• _Directions for this task_:
In the copy of the lines below, leave out pictures and print everything else exactly.

• _Supplied data_:
....
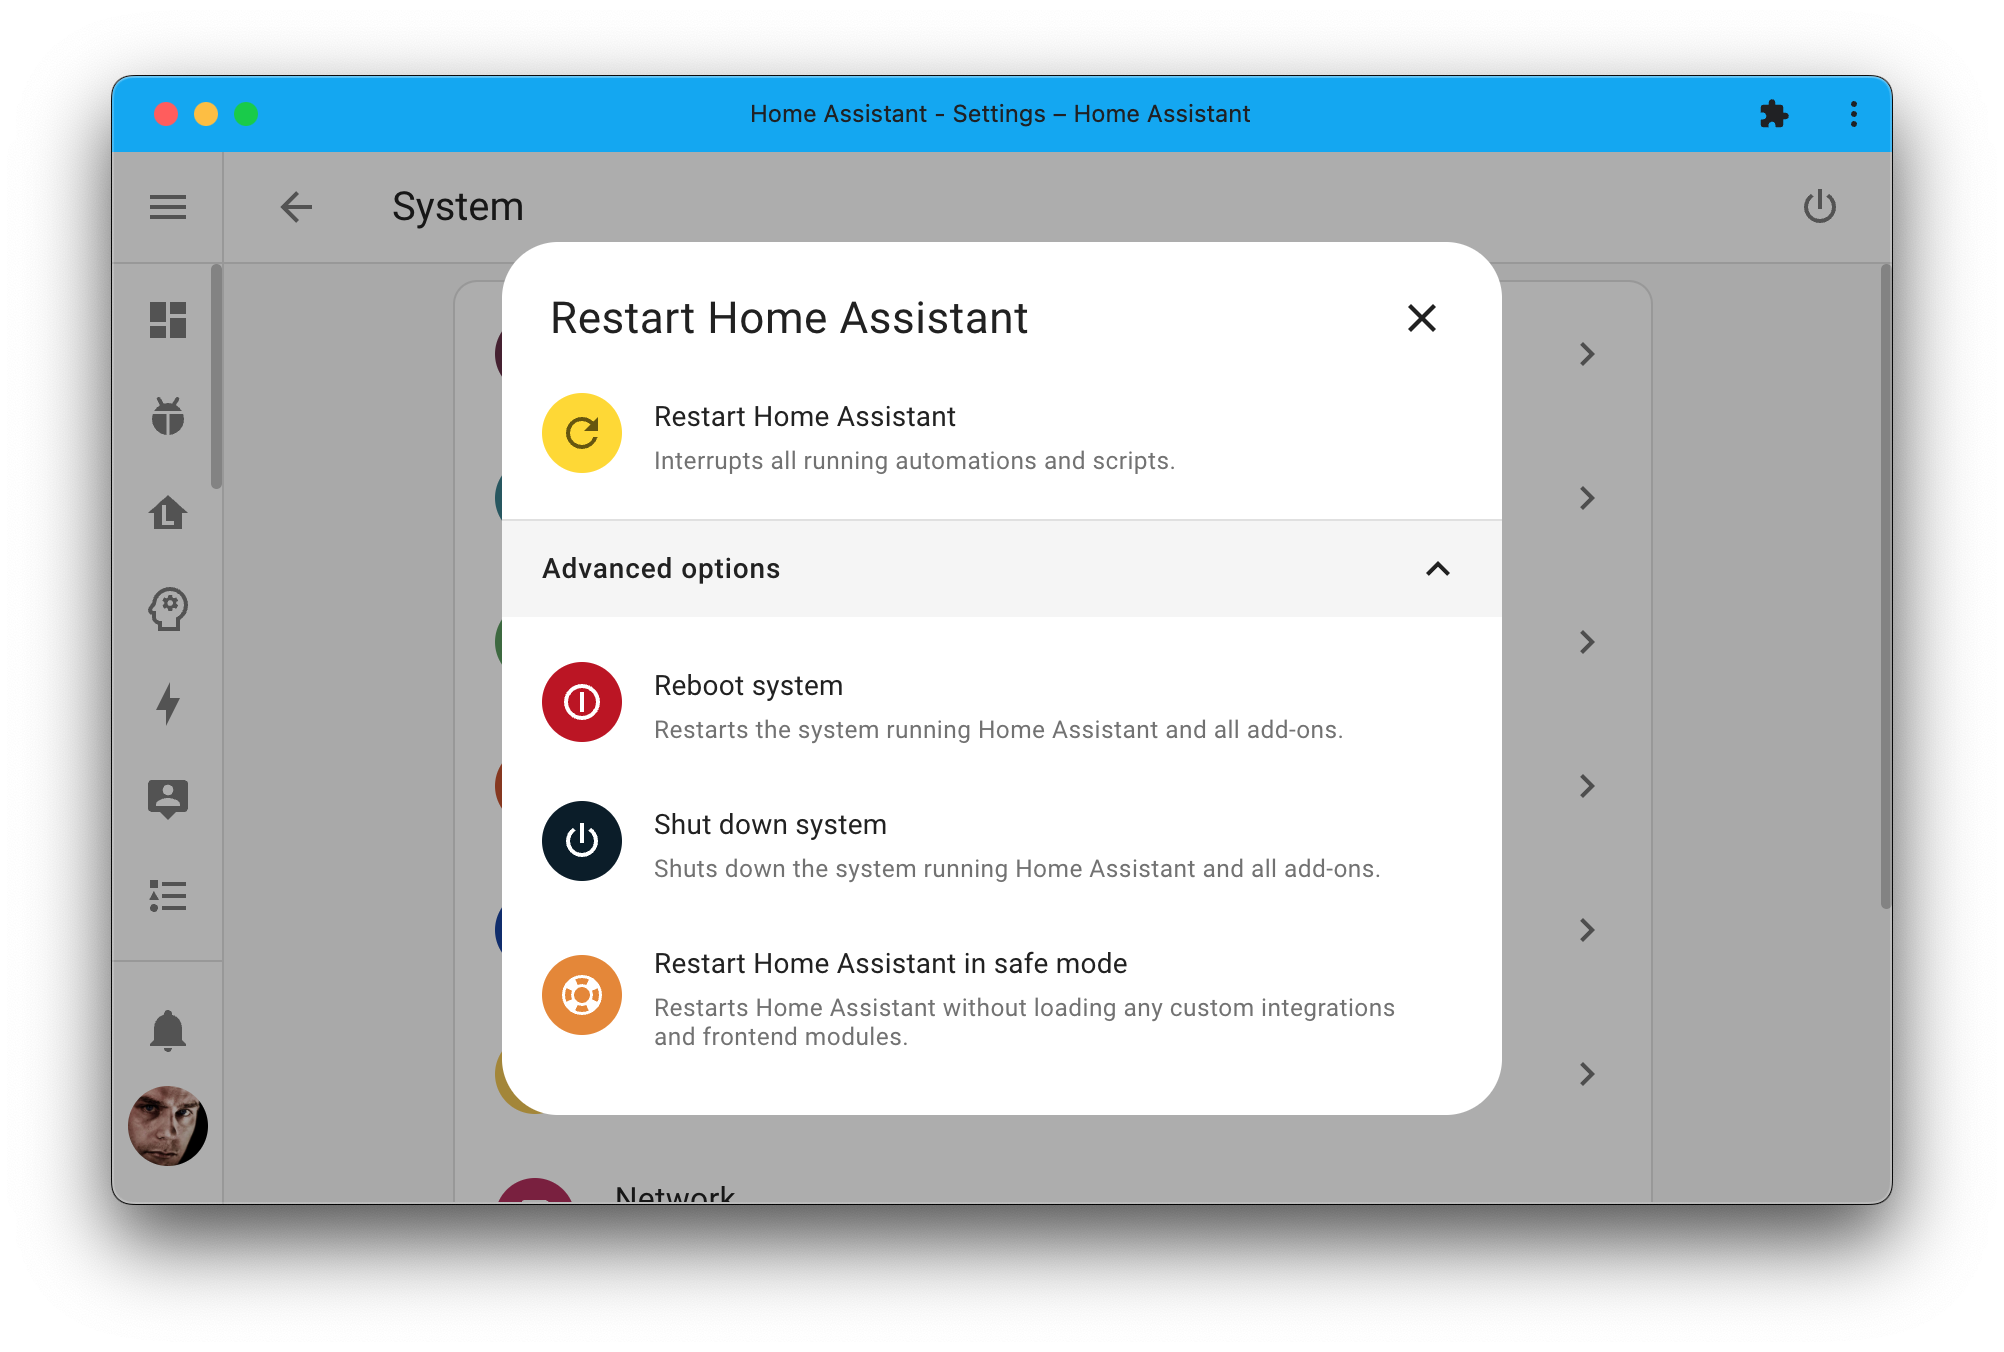 Screenshot showing the restart dialog, which now provides a new option: Restart Home Assistant in safe mode.
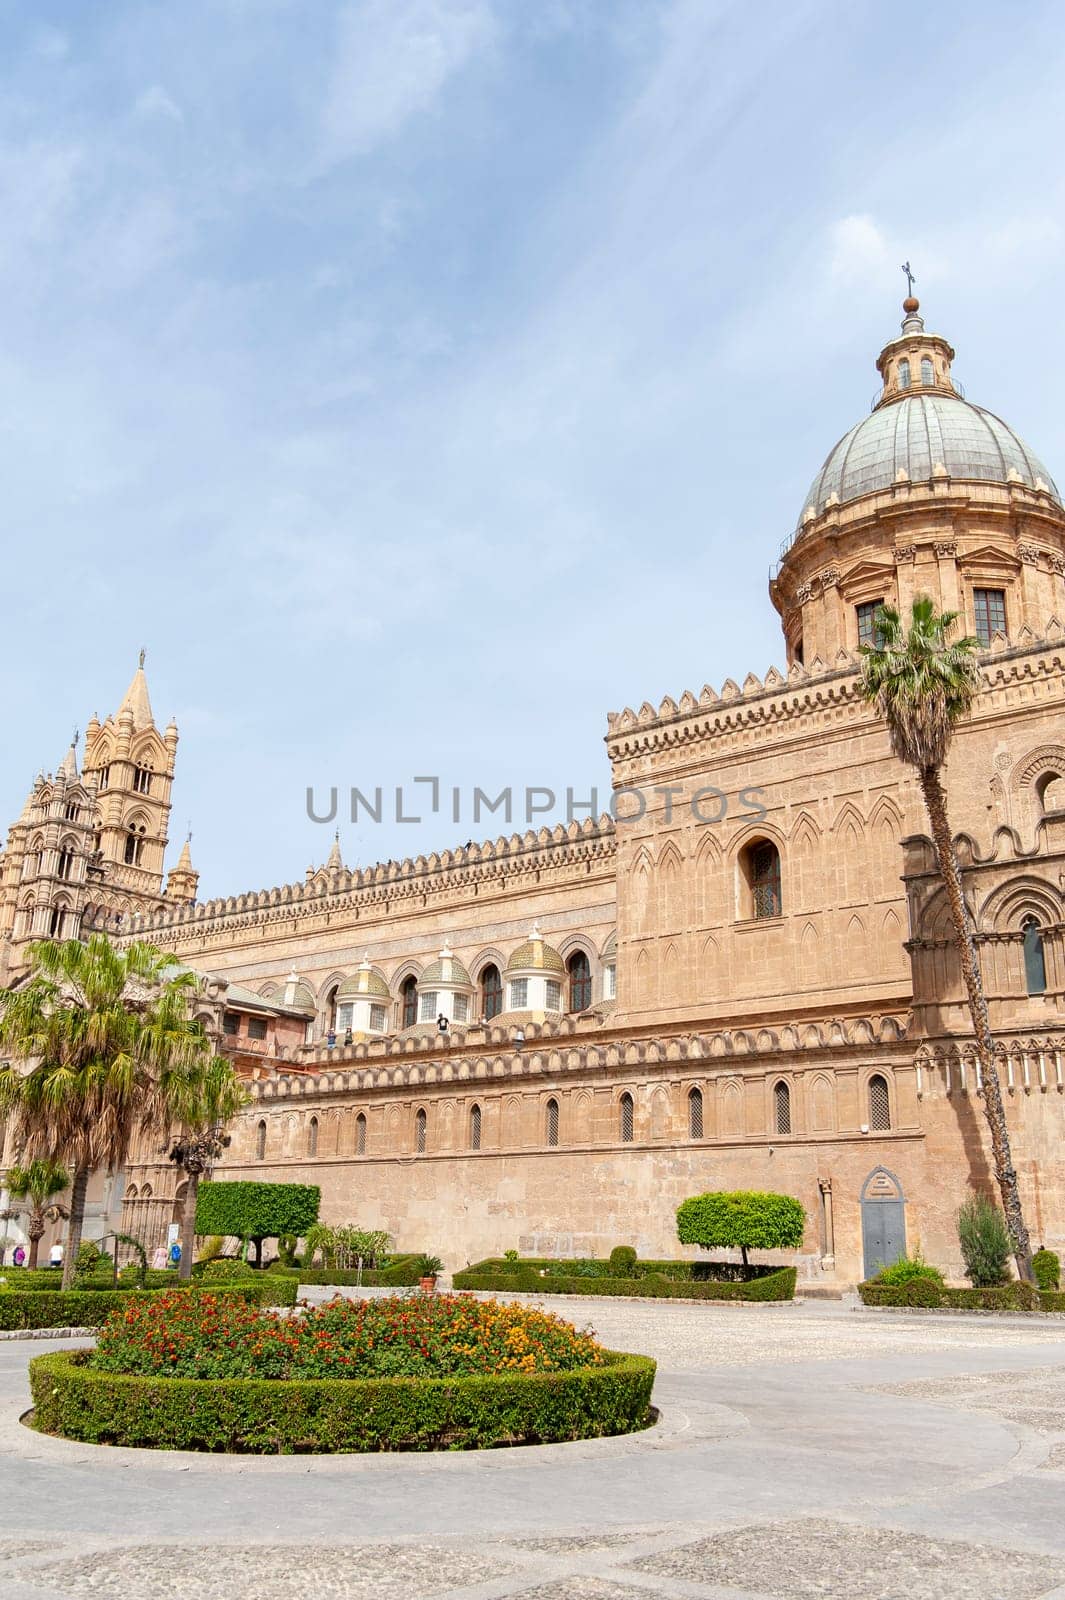 The Primatial Metropolitan Cathedral Basilica of the Holy Virgin Mary of the Assumption, known as the Cathedral of Palermo, Sicily, Italy
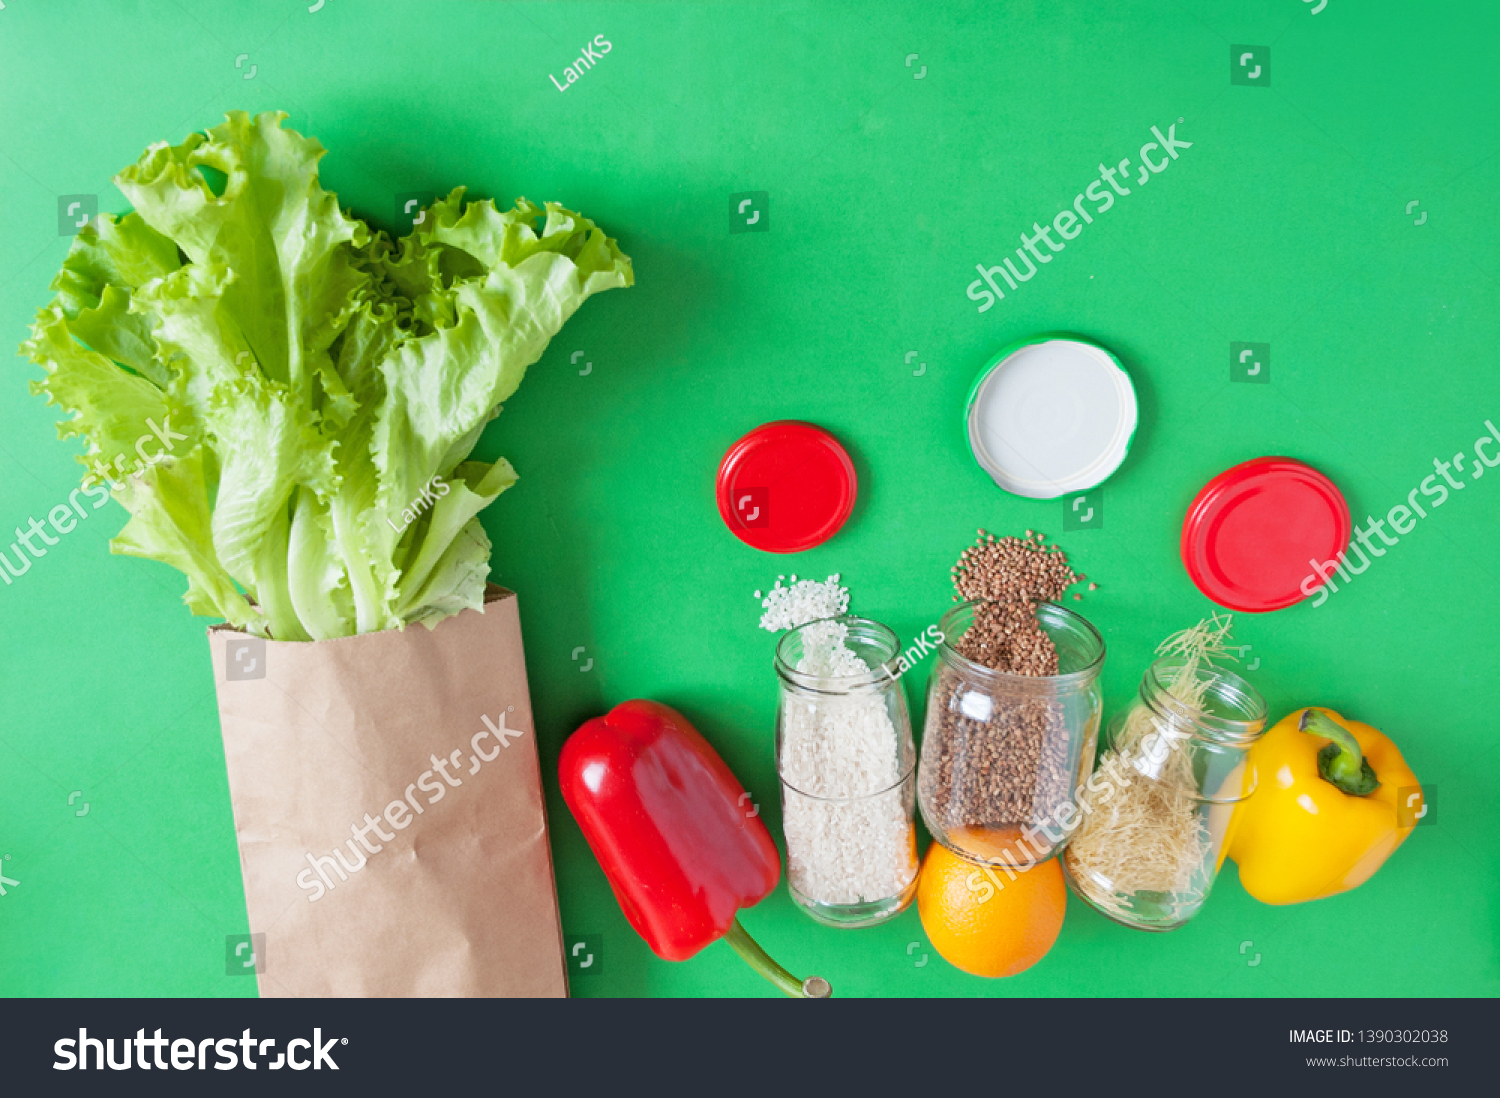 Download Fresh Lettuce Paper Bag Red Yellow Stock Photo Edit Now 1390302038 Yellowimages Mockups
....
• _Expected answer_:
 Screenshot showing the restart dialog, which now provides a new option: Restart Home Assistant in safe mode.
 The Primatial Metropolitan Cathedral Basilica of the Holy Virgin Mary of the Assumption, known as the Cathedral of Palermo, Sicily, Italy
 Download Fresh Lettuce Paper Bag Red Yellow Stock Photo Edit Now 1390302038 Yellowimages Mockups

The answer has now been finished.